Link to the previous post : https://statinfer.com/204-4-11-k-fold-cross-validation/
This will be our last post on our Model Selection and Cross Validation Series.
Bootstrap Methods
- Boot strapping is a powerful tool to get an idea on accuracy of the model and the test error.
- Can estimate the likely future performance of a given modeling procedure, on new data not yet realized.
- The Algorithm
- We have a training data is of size N
- Draw random sample with replacement of size N – This gives a new dataset, it might have repeated observations, some observations might not have even appeared once.
- Create B such new datasets. These are called boot strap datasets.
- Build the model on these B datasets, we can test the models on the original training dataset.
Bootstrap Example
- We have a training data is of size 500
- Boot Strap Data-1:
- Create a dataset of size 500. To create this dataset, draw a random point, note it down, then replace it back. Again draw another sample point. Repeat this process 500 times. This makes a dataset of size 500. Call this as Boot Strap Data-1.

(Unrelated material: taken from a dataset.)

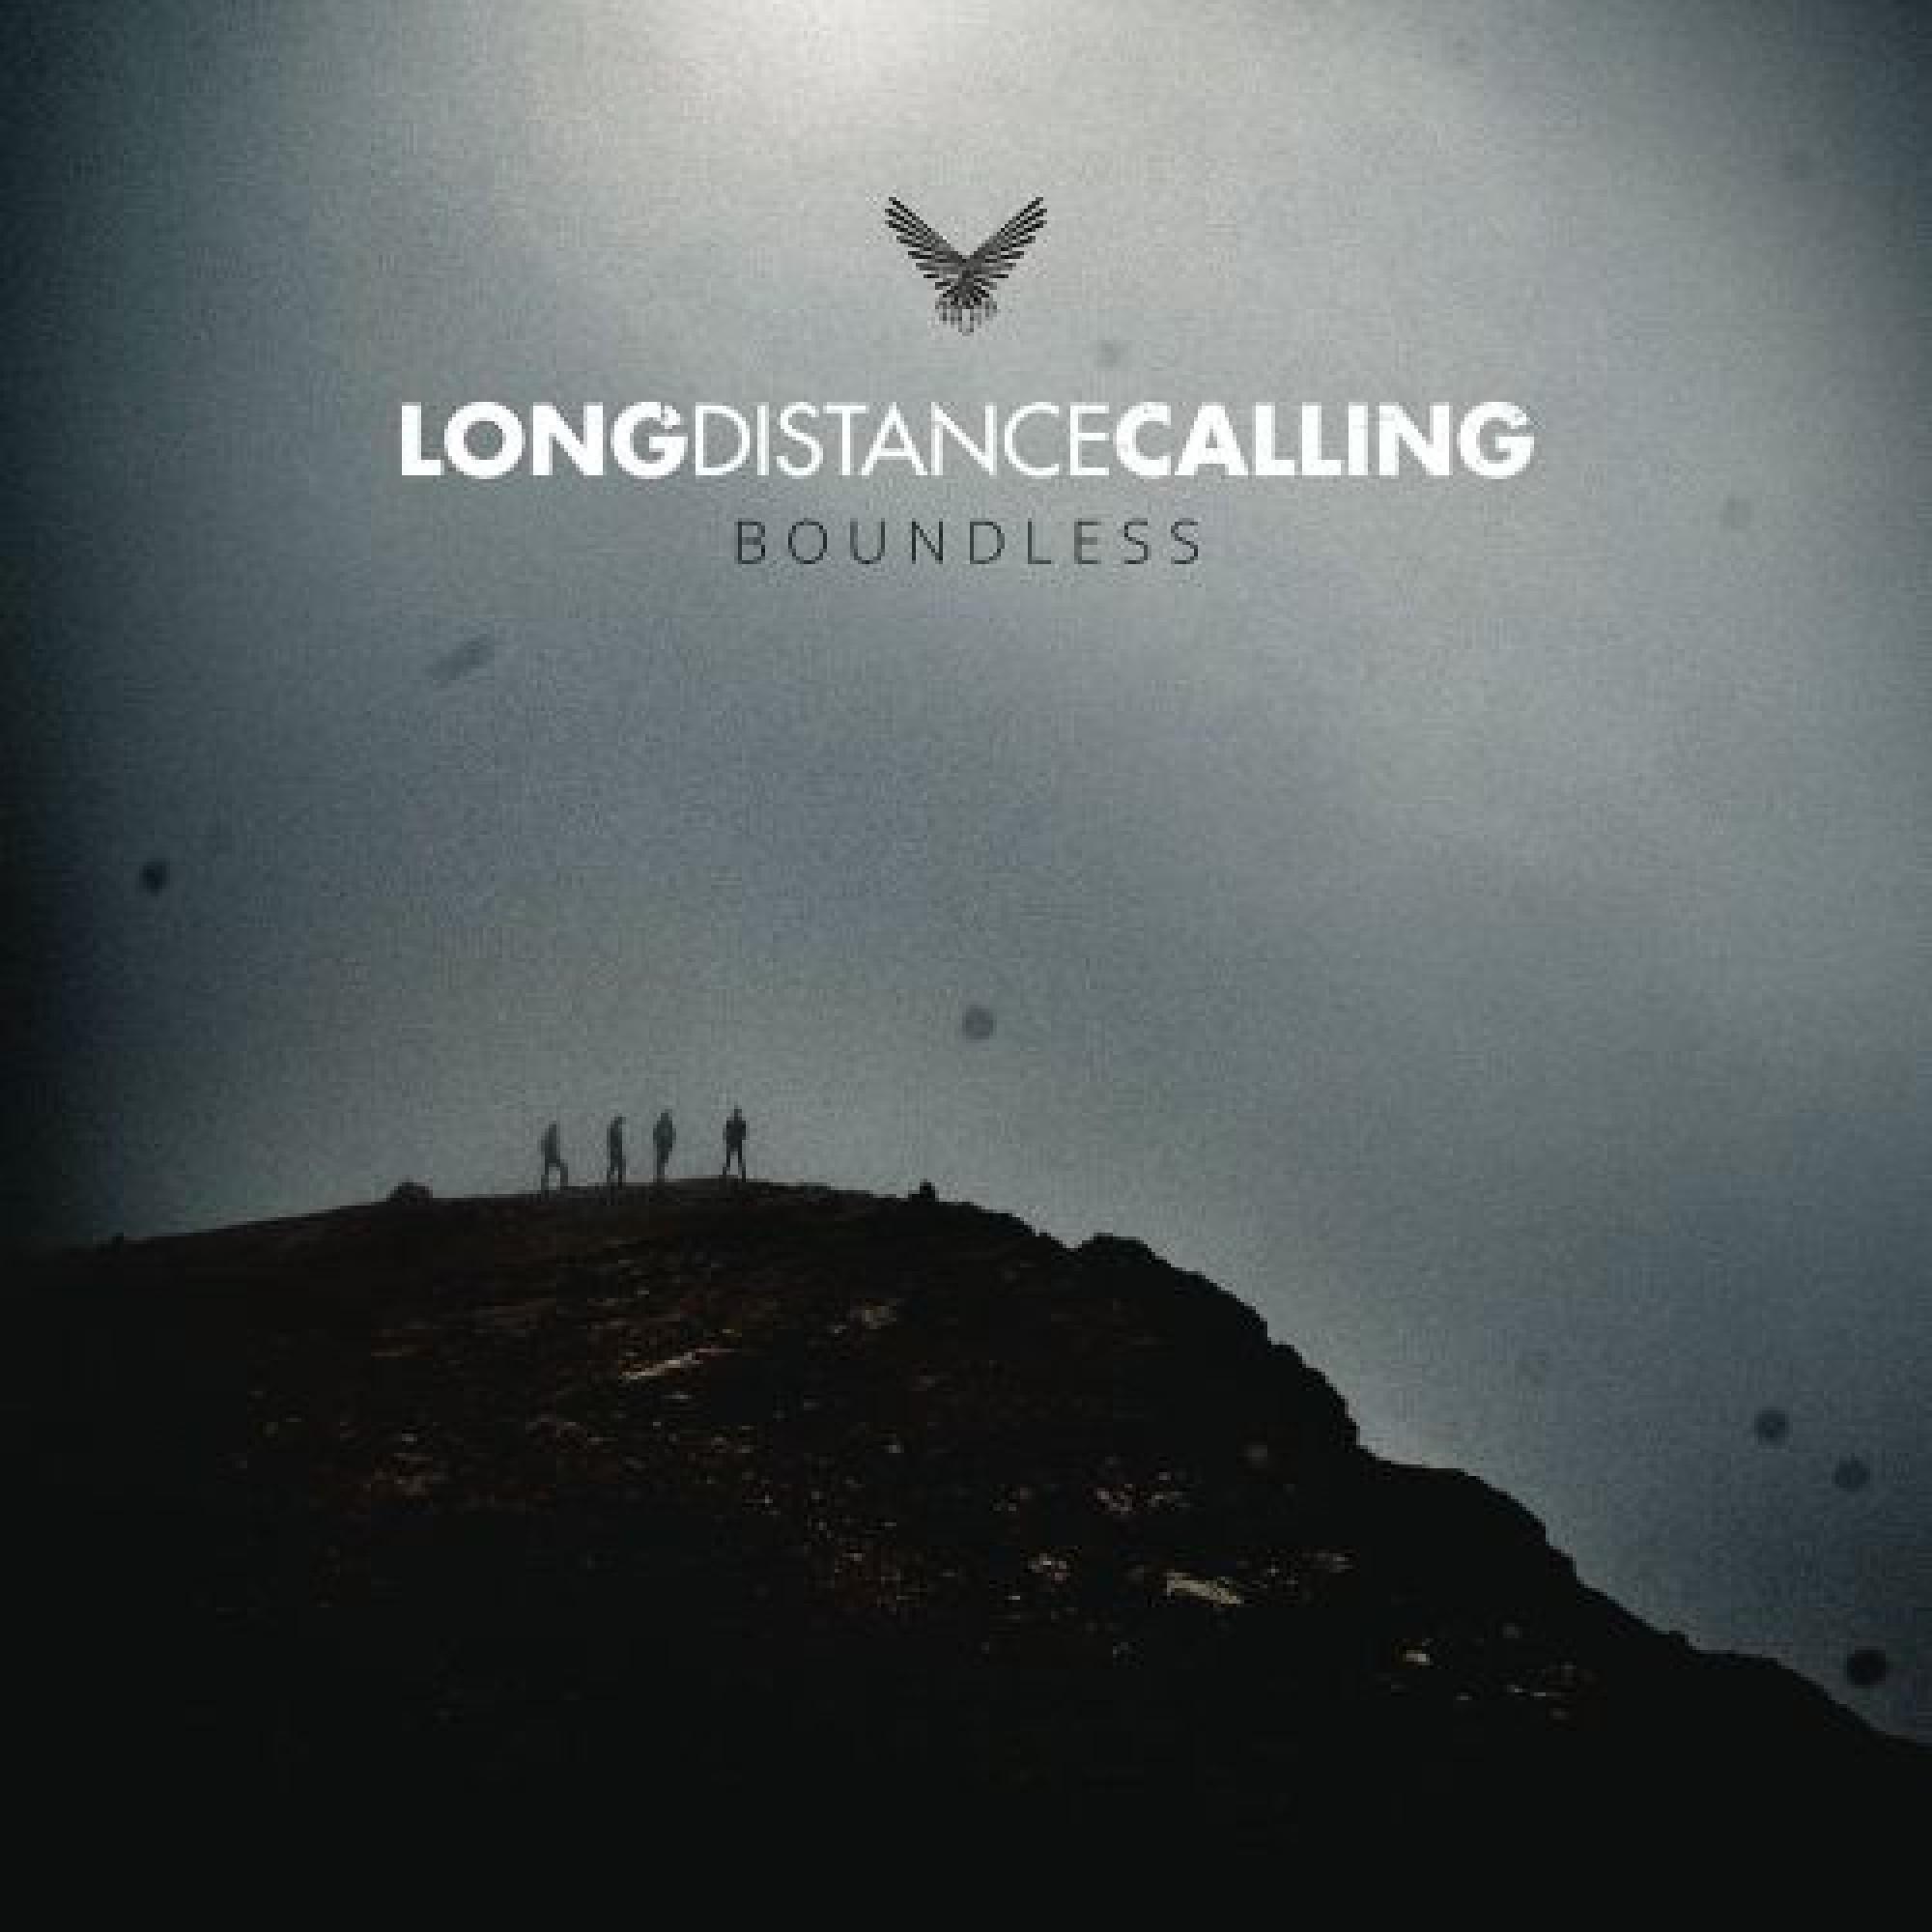 Long Distance Calling : Boundless

- Multiple Boot Strap datasets
- Repeat, the procedure in step -2 multiple times. Say 200 times. Then we have 200 Boot Strap datasets.
- We can build the models on these 200 boost strap datasets and the average error gives a good idea on overall error. We can even use the original training data as the test data for each of the models.
LAB: Bootstrap Cross Validation
- Draw a boot strap sample with sufficient sample size
- Build a tree model and get an estimate on true accuracy of the model
Solution
In [42]:
# Defining the tree parameters
tree_BS = tree.DecisionTreeClassifier(criterion='gini',
splitter='best',
max_depth=30,
min_samples_split=30,
min_samples_leaf=30,
max_leaf_nodes=60)
In [43]:
# Defining the bootstrap variable for 10 random samples
bootstrap=cross_validation.ShuffleSplit(n=len(Fiber_df),
n_iter=10,
random_state=0)
In [44]:
###checking the error in the Boot Strap models###
BS_score = cross_validation.cross_val_score(tree_BS,X, y,cv=bootstrap)
BS_score
Out[44]:
In [45]:
#Expected accuracy according to bootstrap validation
###checking the error in the Boot Strap models###
BS_score.mean()
Out[45]:
With 10 bootstrap samples we can expect an Accuracy : 77.98%.
Conclusion
- We studied
- Validating a model, Types of data & Types of errors
- The problem of over fitting & The problem of under fitting
- Bias Variance Tradeoff
- Cross validation & Boot strapping
- Training error is what we see and that is not the true performance metric
- Test error plays vital role in model selection
- R-square, Adj-R-square, Accuracy, ROC, AUC, AIC and BIC can be used to get an idea on training error
- Cross Validation and Boot strapping techniques give us an idea on test error.
- Choose the model based on the combination of AIC, Cross Validation and Boot strapping results.
- Bootstrap is widely used in ensemble models & random forests.